* Input records
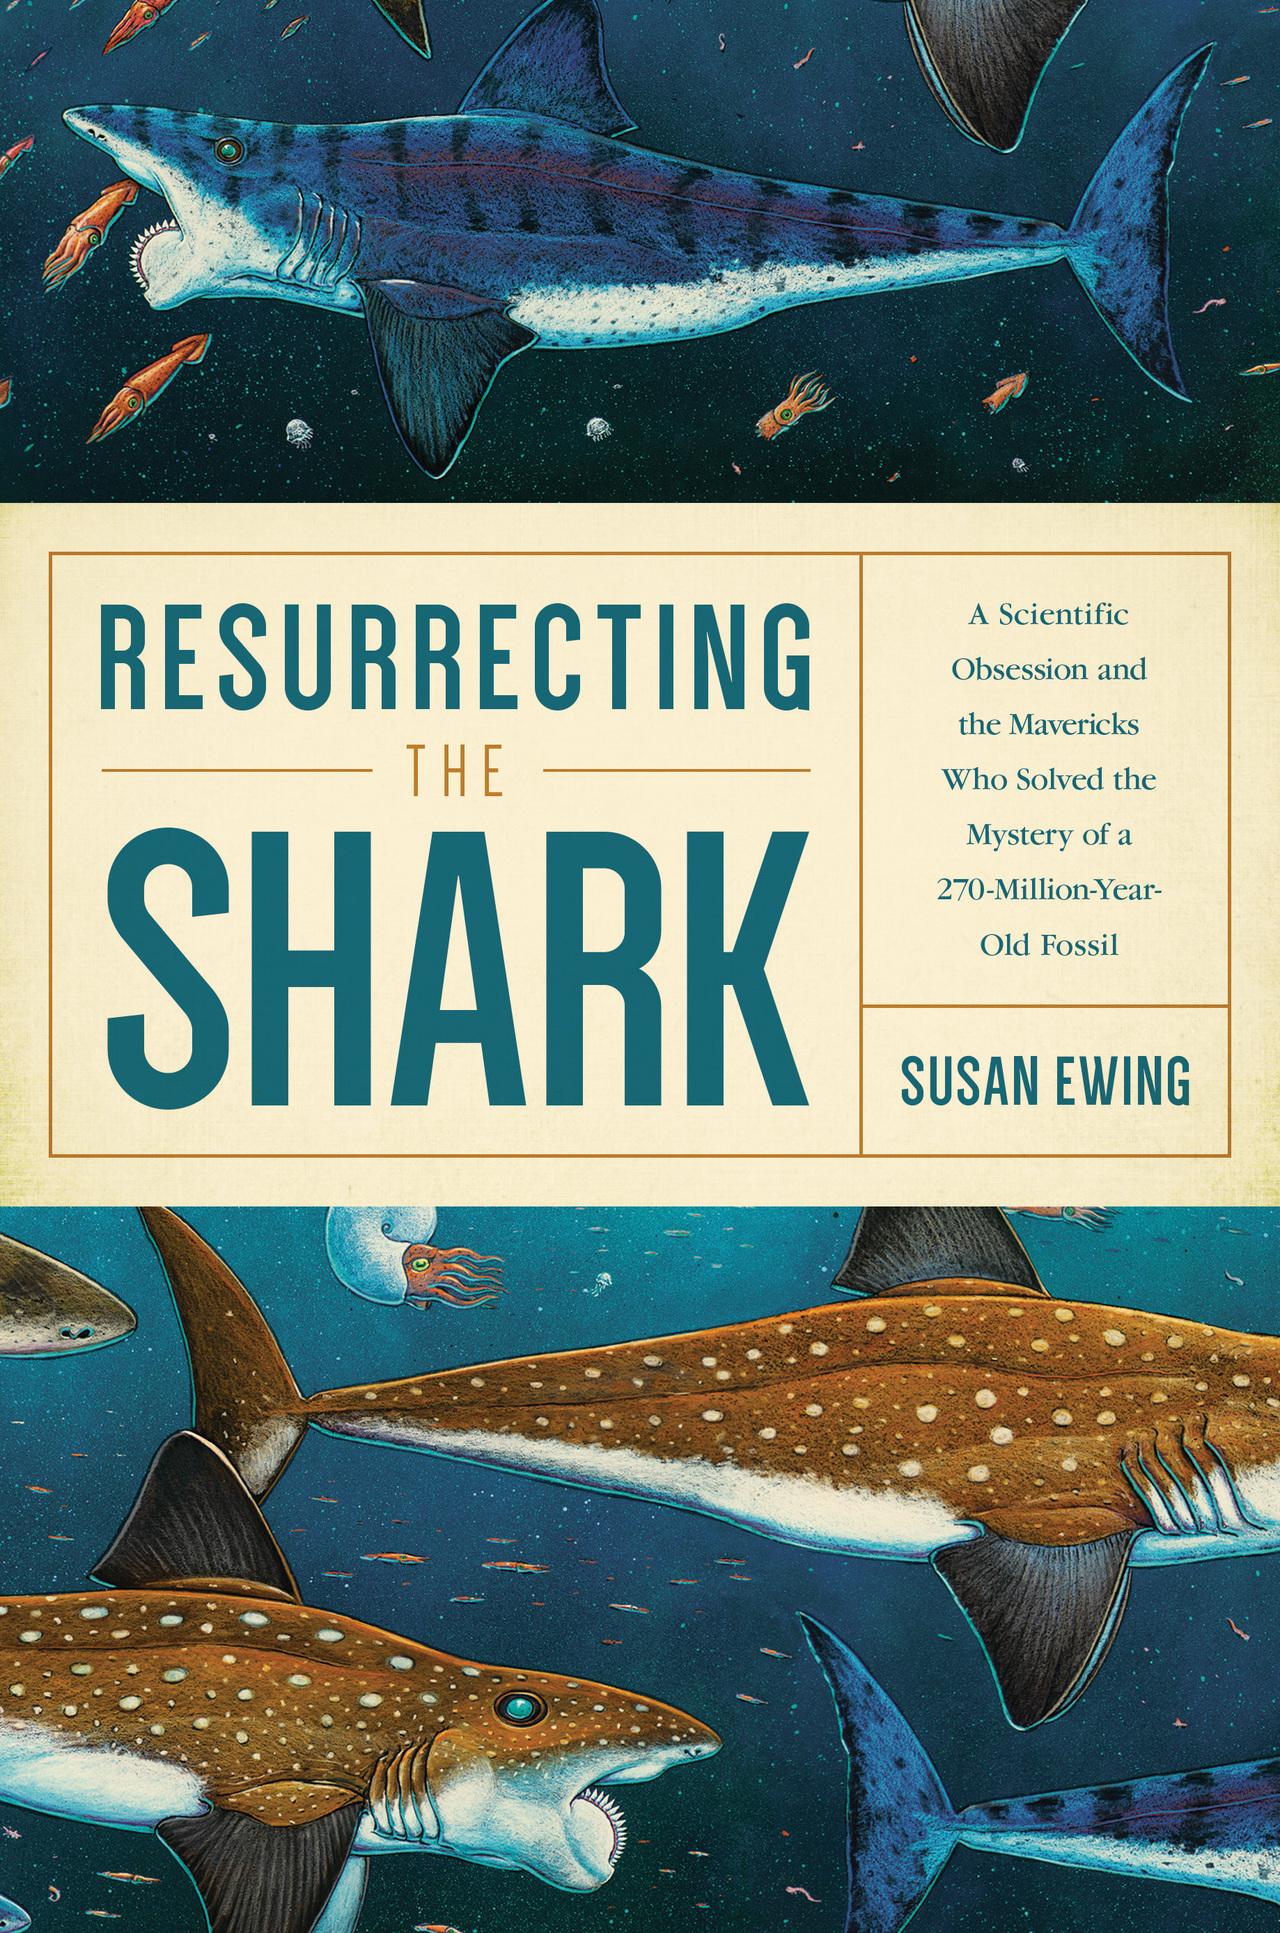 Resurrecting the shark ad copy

* * *

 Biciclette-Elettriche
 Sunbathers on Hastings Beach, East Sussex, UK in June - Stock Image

* * *

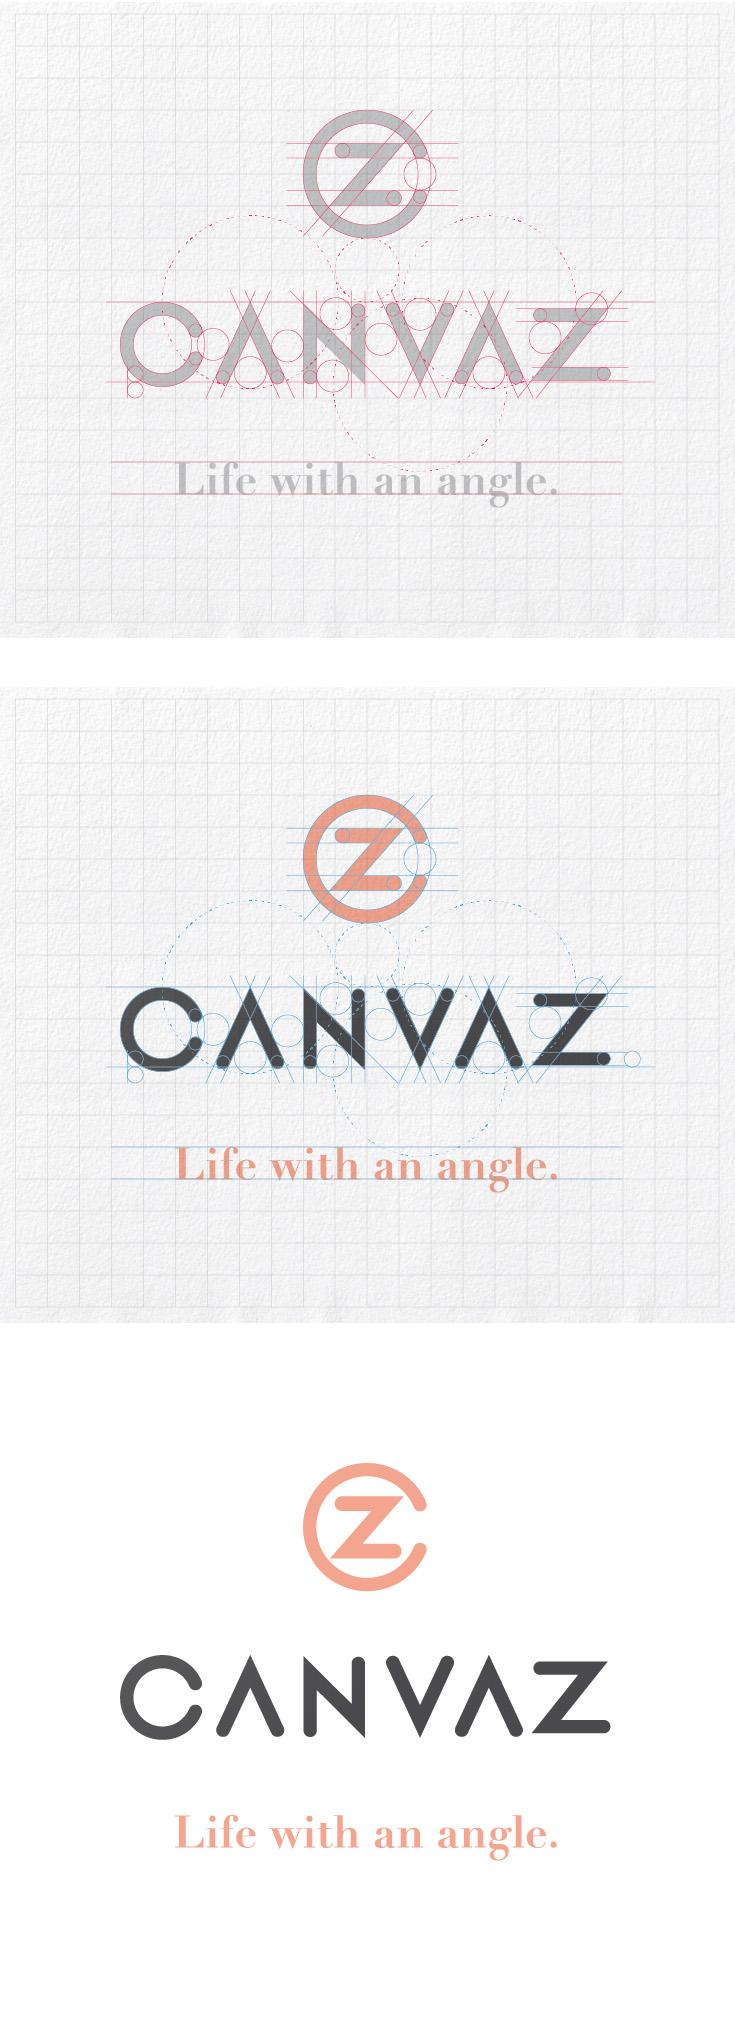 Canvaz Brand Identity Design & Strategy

* Work required
As listed above, the lines from the line with "Biciclette-Elettriche" to the line with "Sunbathers on Hastings" are to be echoed exactly, with both ends included and nothing added.

* Output below
 Biciclette-Elettriche
 Sunbathers on Hastings Beach, East Sussex, UK in June - Stock Image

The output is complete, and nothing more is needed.